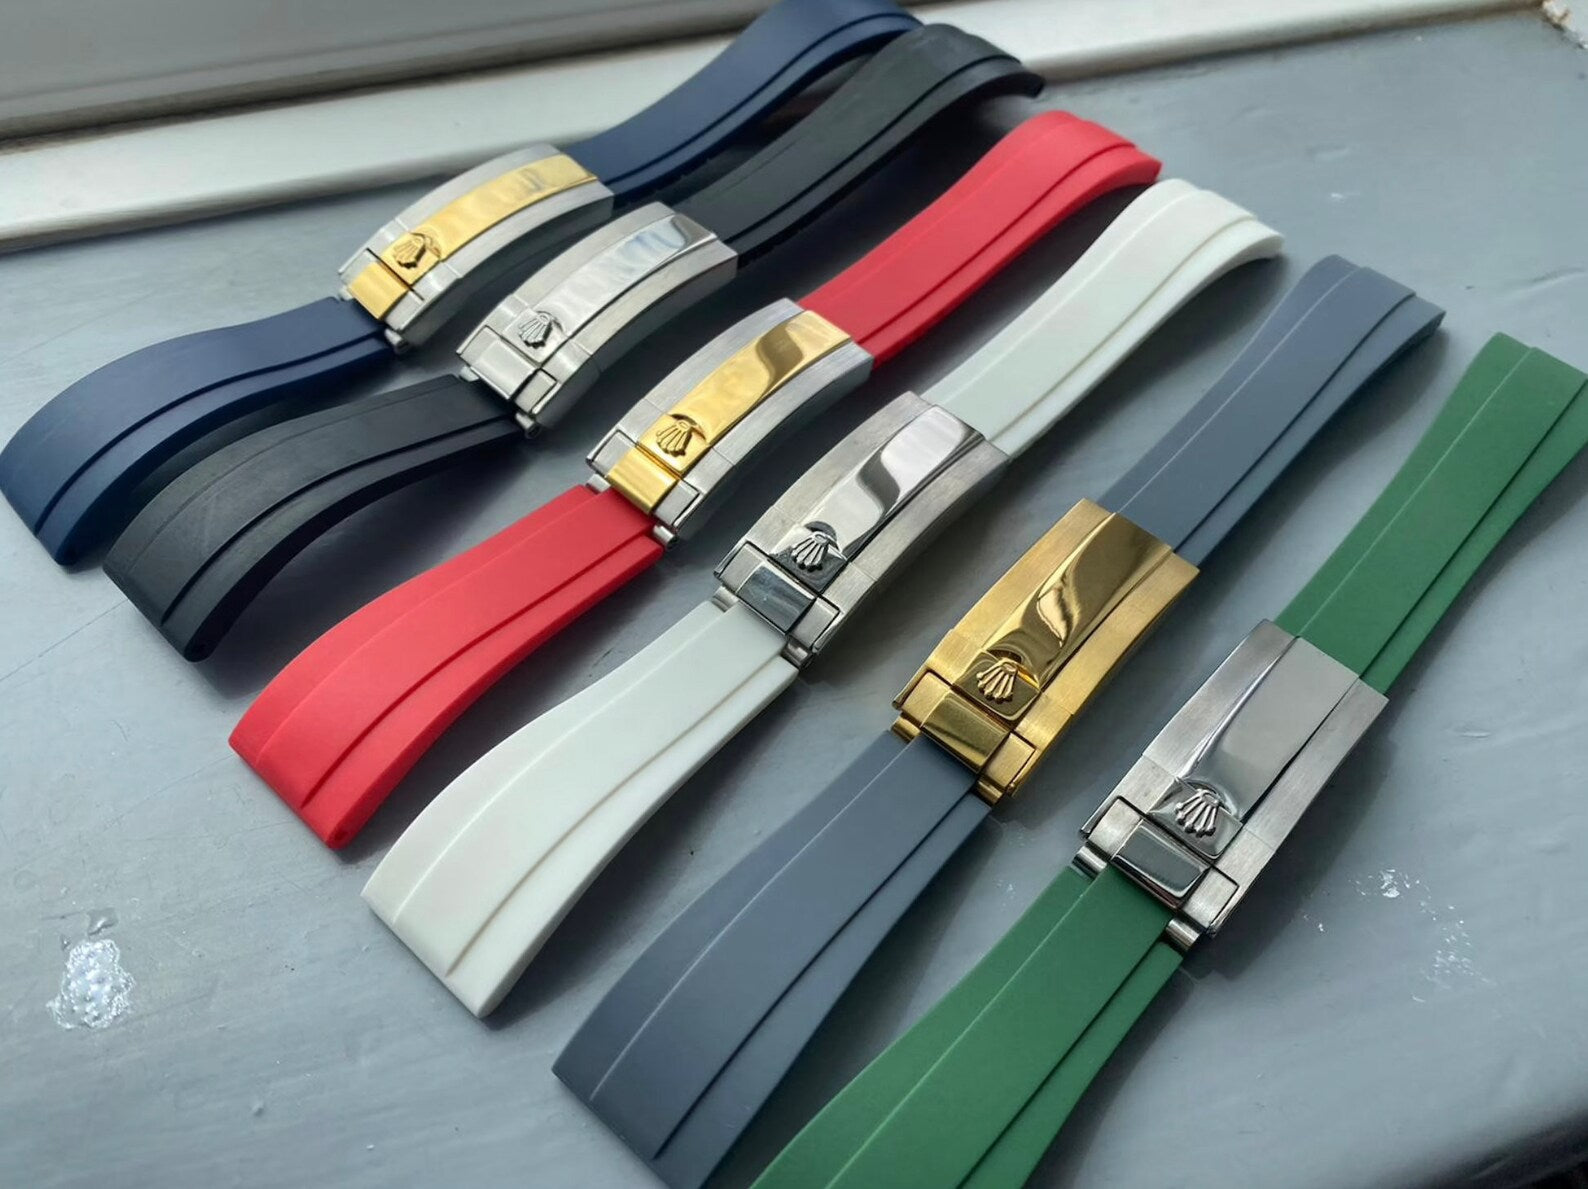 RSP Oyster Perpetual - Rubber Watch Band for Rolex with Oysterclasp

━━━━━━━━━━━━━━━━

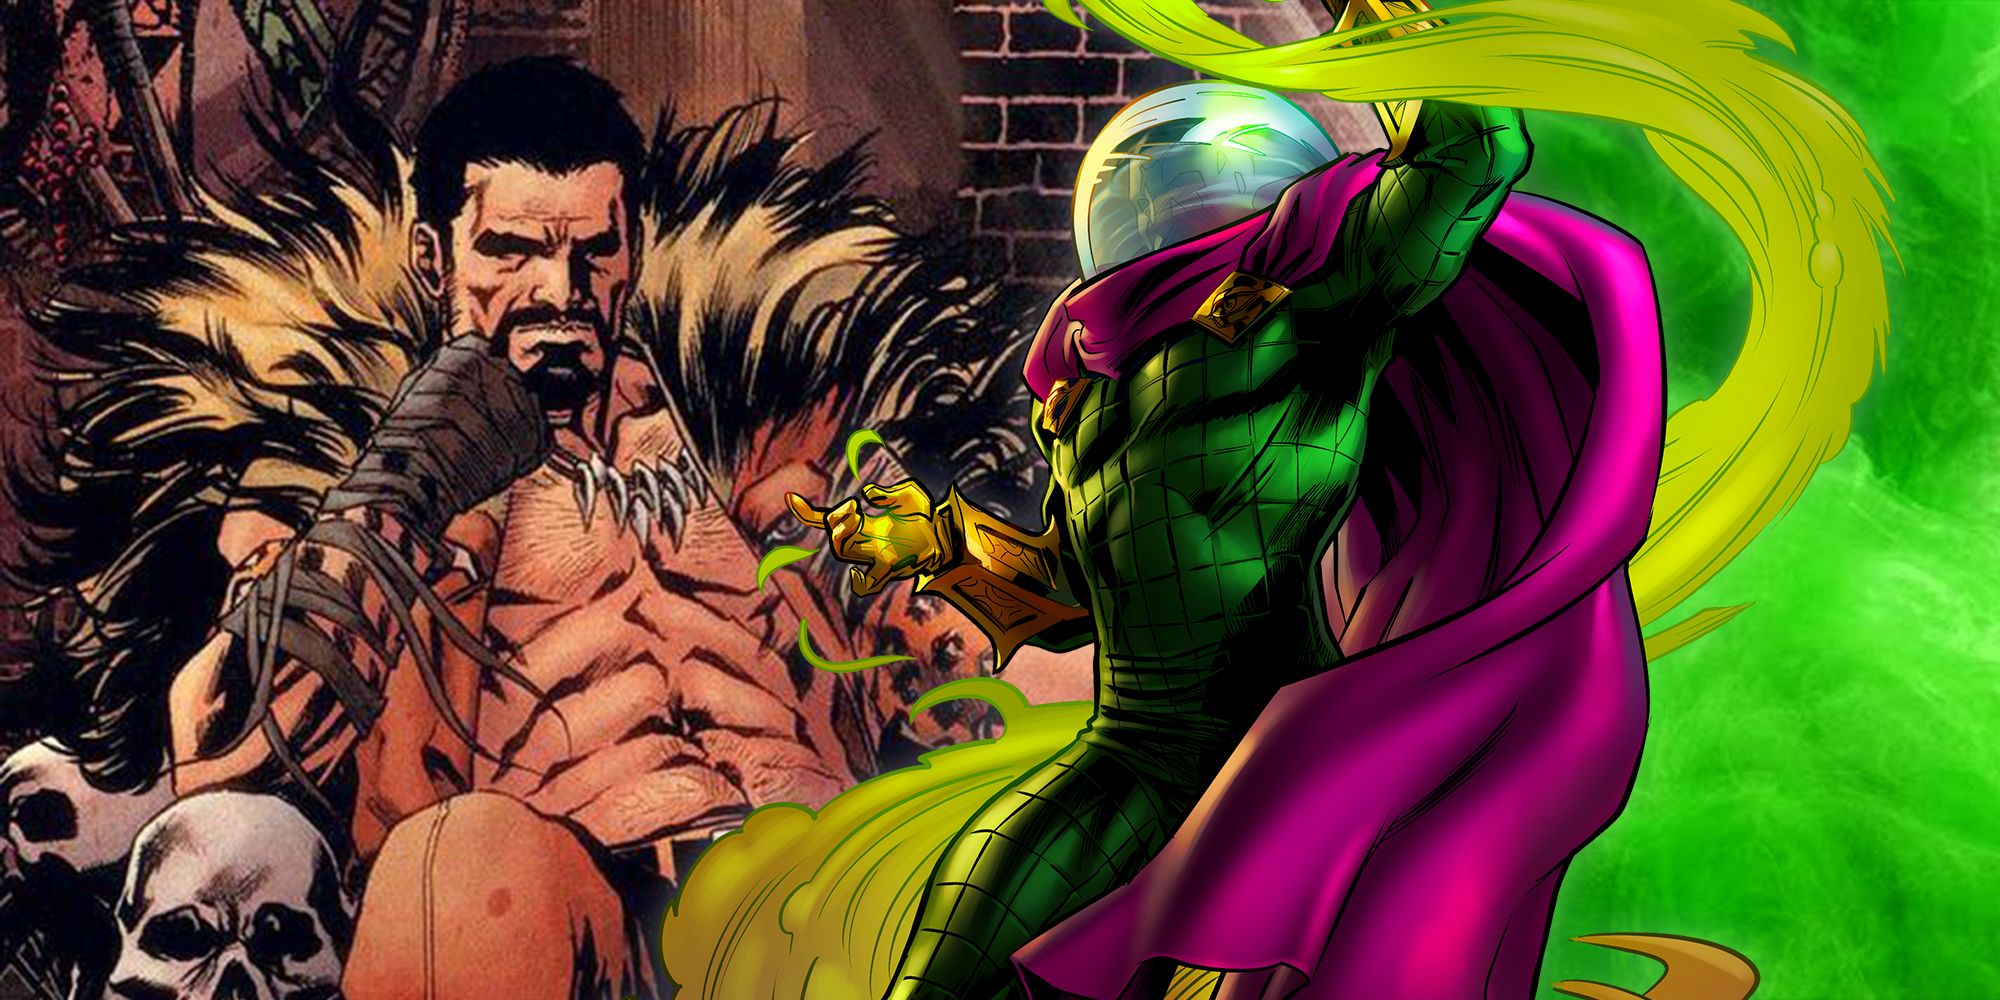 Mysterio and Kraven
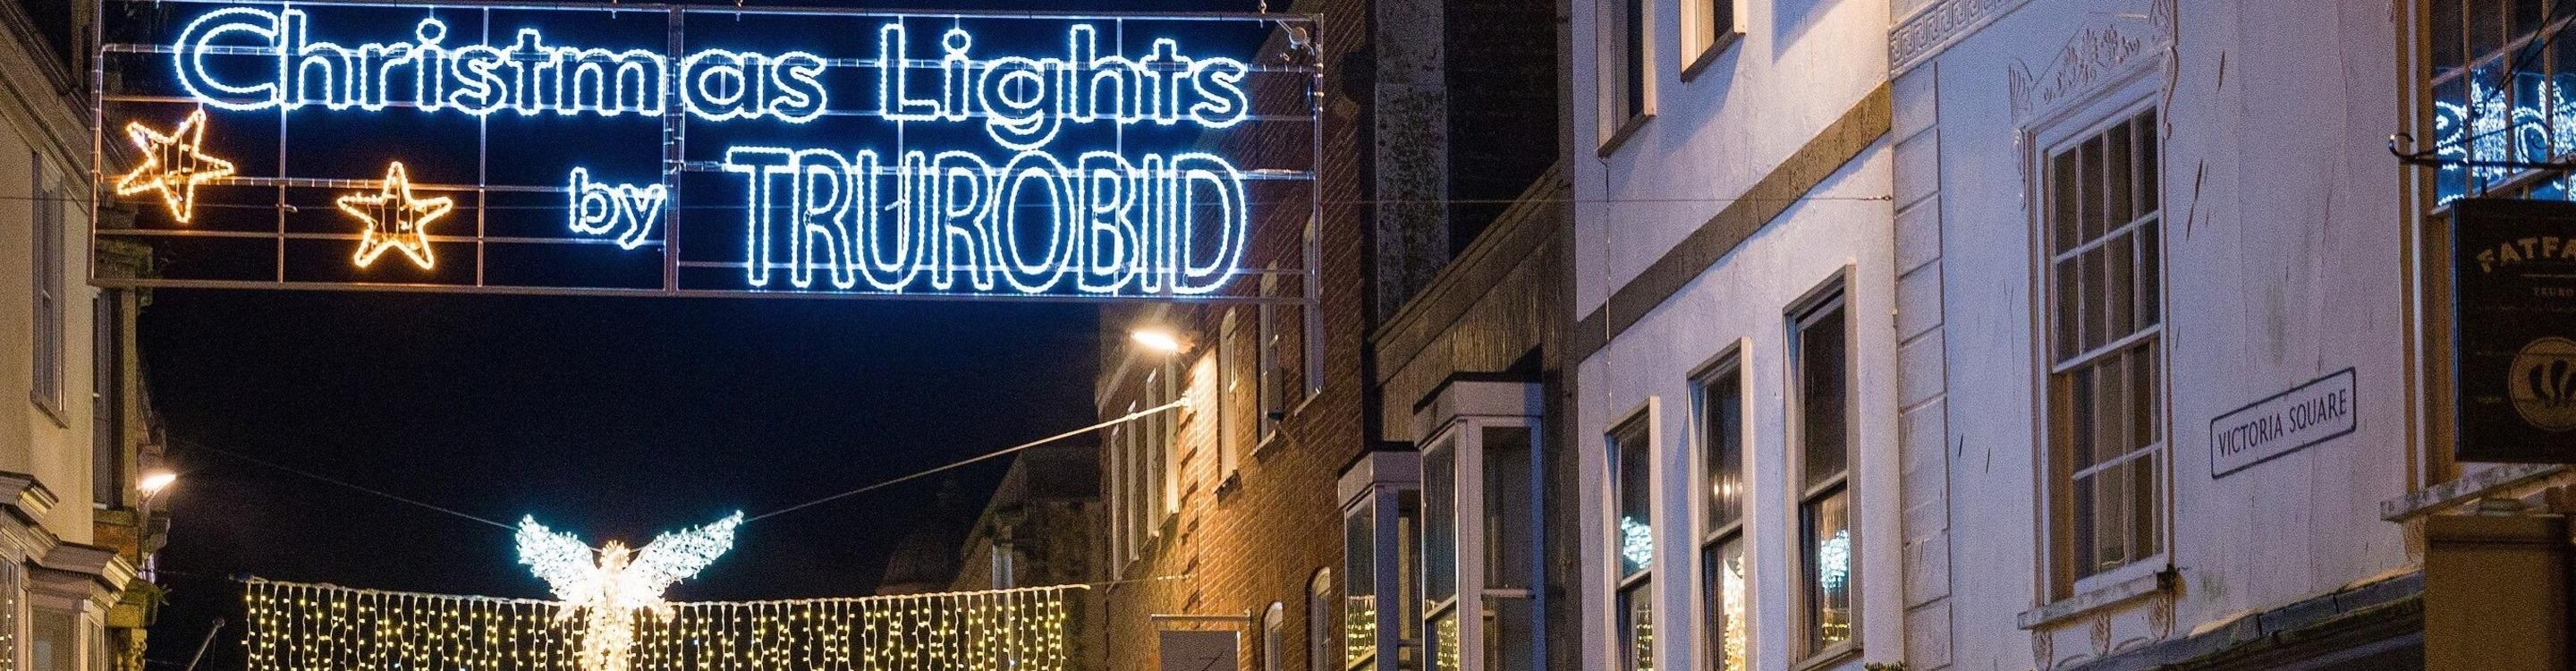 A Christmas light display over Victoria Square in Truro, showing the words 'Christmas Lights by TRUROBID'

━━━━━━━━━━━━━━━━

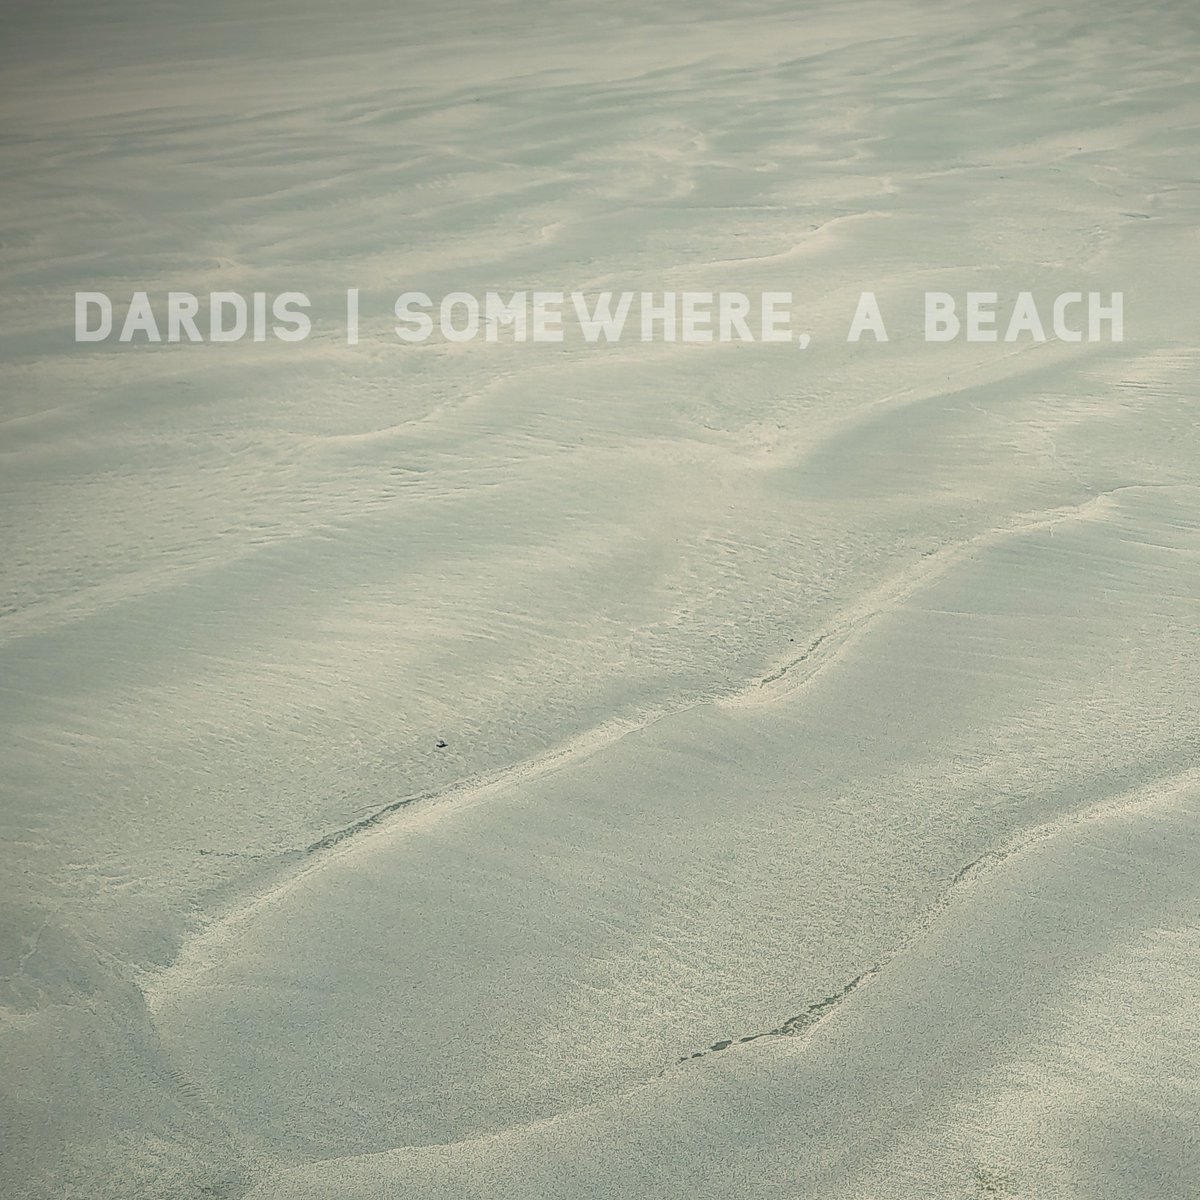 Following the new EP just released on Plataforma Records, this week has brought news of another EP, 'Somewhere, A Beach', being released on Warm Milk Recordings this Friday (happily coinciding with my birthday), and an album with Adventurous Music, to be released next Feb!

━━━━━━━━━━━━━━━━

Work to be completed> Return the stretch of data that begins with the line showing "Mysterio and Kraven" and goes on through the line showing "A Christmas light", exactly, with pictures removed.

Expected answer>
 Mysterio and Kraven
 A Christmas light display over Victoria Square in Truro, showing the words 'Christmas Lights by TRUROBID'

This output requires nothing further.